Key Terms in this Chapter

Institutional Research (IR): This office is responsible for various things that could include compliance reporting to the Federal Government, State Government, and any other regulatory body.

Data Lake: A conglomeration of data from many different sources that is easy to use and has all sorts of data in many different formats.

Artificial Intelligence (AI): The idea that some device can use machine learning to learn behaviors appropriate to the situation without human intervention.

Data Warehouse: A data source created for the purpose of making reporting and visualizations easier among an institution and contains cleaned and connected data from around the institution.

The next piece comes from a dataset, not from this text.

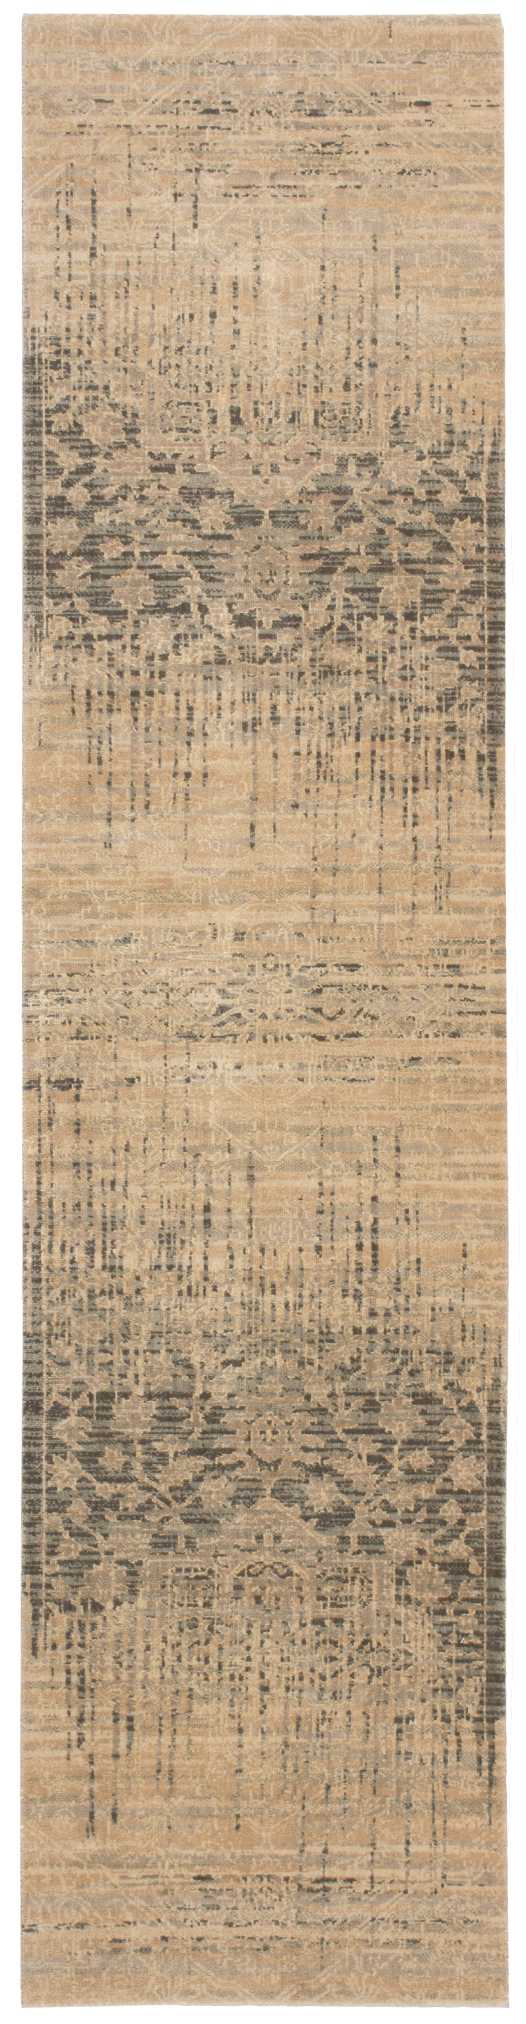 silk elements beige rug by nourison nsn 099446188601 2

Business Intelligence: A group who usually works within the Information Technology area of an institution and is responsible for curated and enriched data, as well as reports and visualizations. This group is focused more around operational reporting.

Information technology (IT): This office is responsible for technology in any institution. This group generally supports all things technology related and is sometimes referred to as Central IT.

Analytics: The analysis and evaluation of data for the purposes of diagnosing, predicting, or prescribing actions.

Machine Learning: The concept that a computer learns something after being fed a great deal of data from which to acquire knowledge.

ETL: Extract, transform, and load is the process of taking data from one source, enriching it, and then placing it in another source, usually a data warehouse.

Big Data: A term that generally describes a large amount of data.